There are many observations emerging from this by-election. First, there seems to be little room for the new emerging parties to make a breakthrough in the system that is dominated by the traditional parties and political elites. Many attempted to coax the voters with new ideas and more accountability, they were rejected. Second, the electorate seems to have a preference for individuals with an established political record. The novice was left out. Third, a lot of noise was made to get the young more engaged. In spite of a number of younger candidates seeking election, that did not happen.
It is not unusual for an “opposing” party to win a by-election mid-way in the term. Even if the MSM had chosen to field a candidate, the outcome would have been the same. I don’t think the government should panic. The by-election is not a game changer. The opposition parties are in disarray, unable to challenge the government where it matters. Indeed, Prime Minister Pravind Jugnauth will consolidate his position in 2018 as a result of the by-election, and Labour will emerge as the main challenger.

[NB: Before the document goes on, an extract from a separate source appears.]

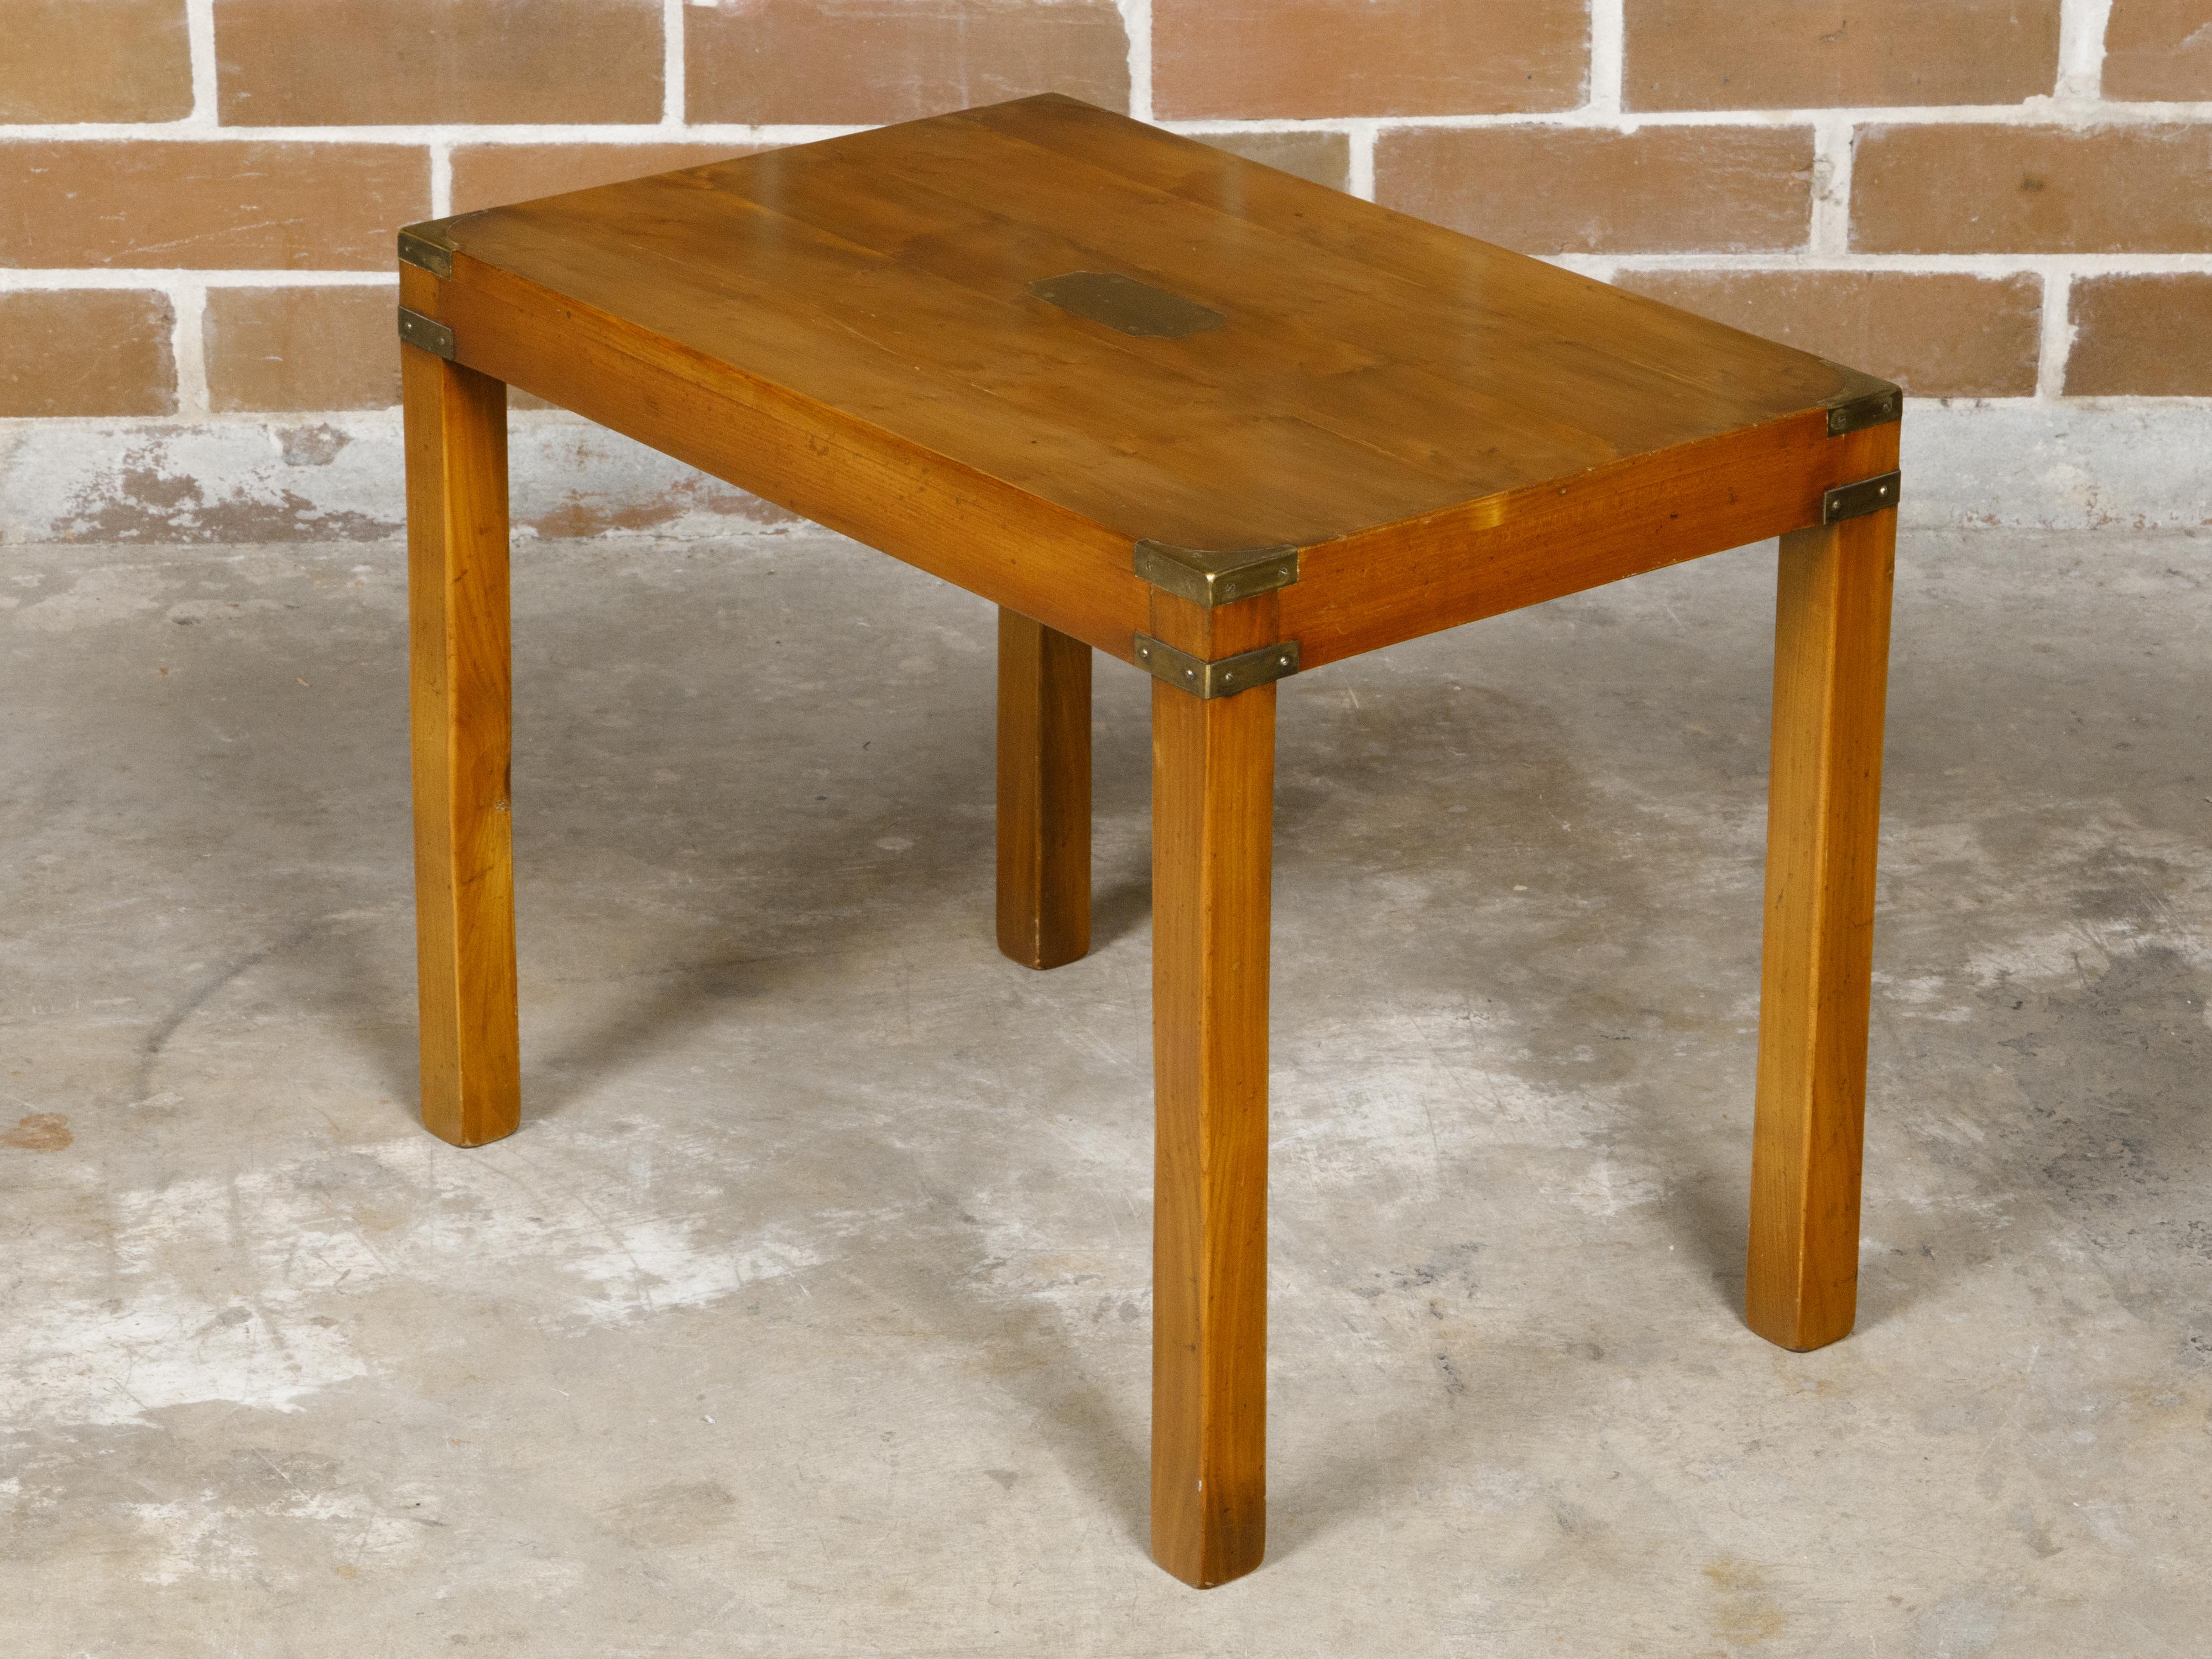 English Campaign Yew Wood 1920s Side Table with Brass Accents and Straight Legs For Sale 8

Politics and the political behaviour of the electorate are not likely to change quickly. There is an established mindset that dictates how things unfold. One could say that the electorate has a short memory. If people really wanted change, the by-election presented an opportunity to elect new individuals with a different platform. But the electorate chose the status quo. It is not a question of not having a choice as it was claimed in the 2014 general elections. The indication is that Labour will make a comeback.
Another important element of this by-election is that the electorate votes for individuals and not policies. Should there be a change of government in the near future, major policies are unlikely to change. Therefore, one does not anticipate a reversal of policies. I don’t think the metro project or the nine-year schooling, two major initiatives of the current government, impacted on the by-election.
In politics, there are no friends but self-interests and some of the candidates must be pondering why they were left out in the cold. There were alliances and promises, in the end, the electorate delivered a verdict which was predictable. There was a lot of rhetoric during the campaign, but little substance on the real issues that matter. If the metro project was the game-changer, the result certainly does not reflect that. Arvin’s father once noted that politics is dirty, and in Mauritius it is dirtier.
It is discouraging to the new parties which fought with a lot of energy and zeal. But at the end of the day, reality prevailed. The political culture is such that the traditional and established parties are closely linked to sections of the society. In simple terms, the communalism is very much part of that reality. Those who spoke out and presented an alternative platform that would take the nation further, failed to convince the electorate. As the country braces itself to celebrate fifty years of independence, a key question that one asks is, has the political system and the political culture changed in the past five decades. The number 18 by-election showed that little has changed. It is more of the same that people are used to. The household names will continue to dominate the political scene for the decades to come. The political elite that has evolved since independence is firmly established and is not going anywhere yet. Mauritians are not ready for a political revolution that would alter the political landscape. This is the reality.